Senior Subscriber Member
Lens looks fine to me... 3 sec @ f/11. ZD @ ISO 50. C1 4.1, processed desaturated to ChromeSpace, then saturated with ChromeSpace +35. Not the most exciting shot, it's just window lit with a gold reflector - and I couldn't really get enough fill into the dark areas so looks a bit dead. This is the N mount version of the lens.





What can I say. The lens does what it's supposed to... The 22MP back doesn't make it break a sweat. :thumbup:

Still fine tuning the processing; it's pretty sensitive to the raster showing through. I doubt that would really show in print though, and suspect it's mostly a result of inspecting fine detail on a high-contrast LCD display.
 

Jan Brittenson

Senior Subscriber Member
Oh, right you were wondering how it performs relative to the Leica APO 100.
I'd say it's comparable to the Macro 60. It doesn't have the bite of the 100, and is slightly flatter in contrast. It also has what appears to be a slight flare veil that manifests itself as a slightly right shifted histogram.

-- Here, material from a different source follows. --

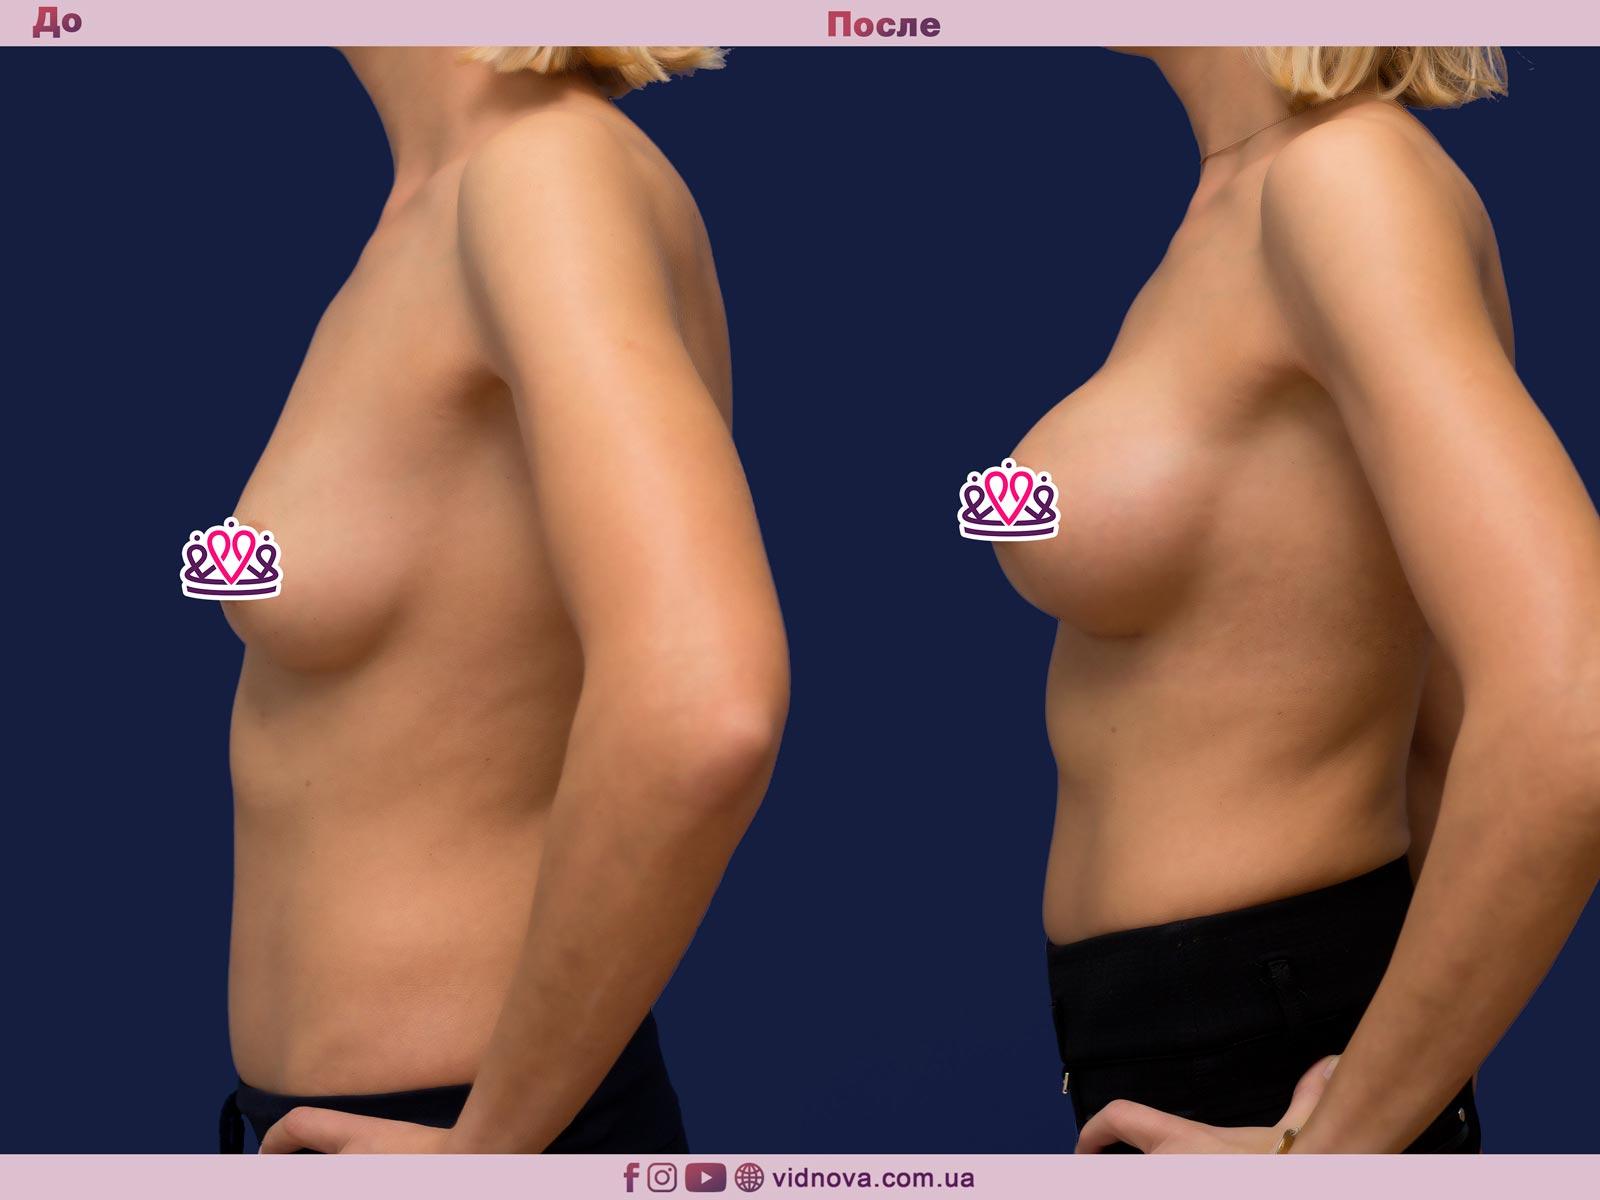 Увеличение груди: Фото ДО и ПОСЛЕ - Пример №81-3 - Клиника Vidnova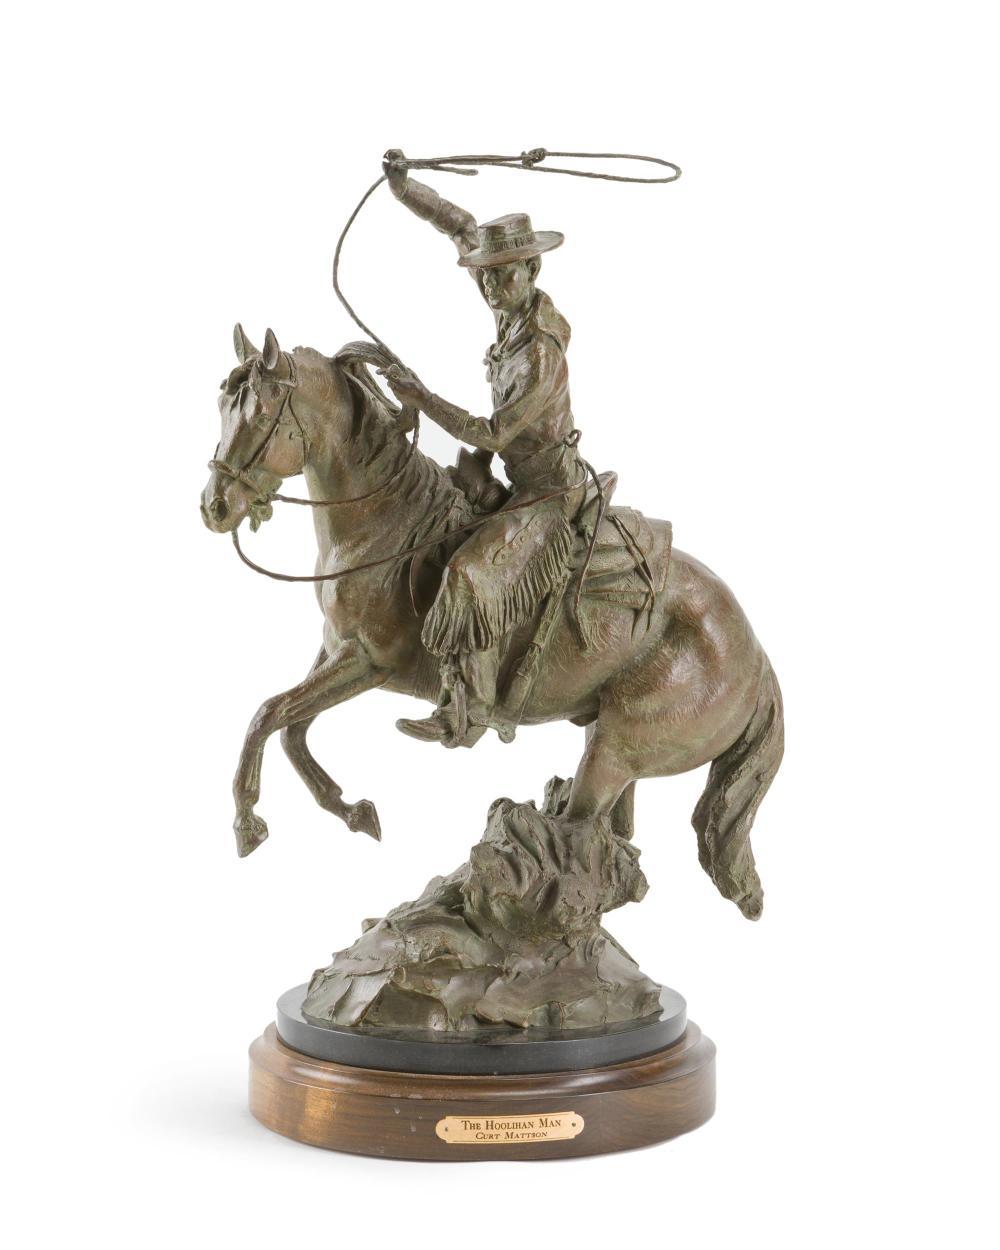 "Curt Mattson, (b. 1956 Arizona), ""The Hoolihan Man,"" 2006, Patinated bronze on wood and black granite rotating plinth, 20.75"" H x 14"" W"

It rolls off a little at the top. It's not a Leica, but in absolute terms it's a very good lens.
 

woodyspedden

New member
A bit of a tangent here.....but can anyone offer a comparison of this Mamiya 120/4 Macro with the Hasselblad 120/4 Macro? I've been thinking of adding a CF/CFE 120/4 "Makro" to my collection of lenses.....I'm just wondering if the Hasselblad lens is considered to be anywhere near as good as this Mamiya lens appears to be.

Gary

P.S. Although I should just be saving my pennies for this beauty....and finally join the MFDB club. :)
Gary

The V CFE 120 Macro is now my lens of choice for product shots. The only downside is that you really need (expensive hasselblad) extension tubes to get to 1:1 or even close. For 1:1 you need two of the 56mm tubes and if I recall those puppies go for close to $400 EACH! The new 120 HD macro lens for the H3 series goes directly to 1:1 without extenders. However the downside is that this lens is huge and heavy compared to my V series Zeiss lens. So I am going to use the V lens and bite the bullet on extension tubes. Makes more sense to me although the other point of view is to use the HD lens as a more general purpose lens as it has autofocus and if you believe the press, less flare. Apparently the new lens also has the ability to select the focus zone you want ( I believe there are four positions) and thus optimize things for macro, infinity etc. I have no experience with this lens so I can't comment on how all this translates to better imaging. Perhaps Marc Williams or others who have this lens can give us some insights.

Woody
 

robmac

Well-known member
Jan, thanks. While no 100 APO (what is) the L 60 is no slouch from F4 onwards - the Mamiya sounds nice

It would be interesting to see/hear how the various MF macros stack up against one another let alone against their Leica, CZ, Nikkor brethren. The Hassy CF makro sells at a considerable premium to the Mamiya, so would be cursious to see/hear how they compare.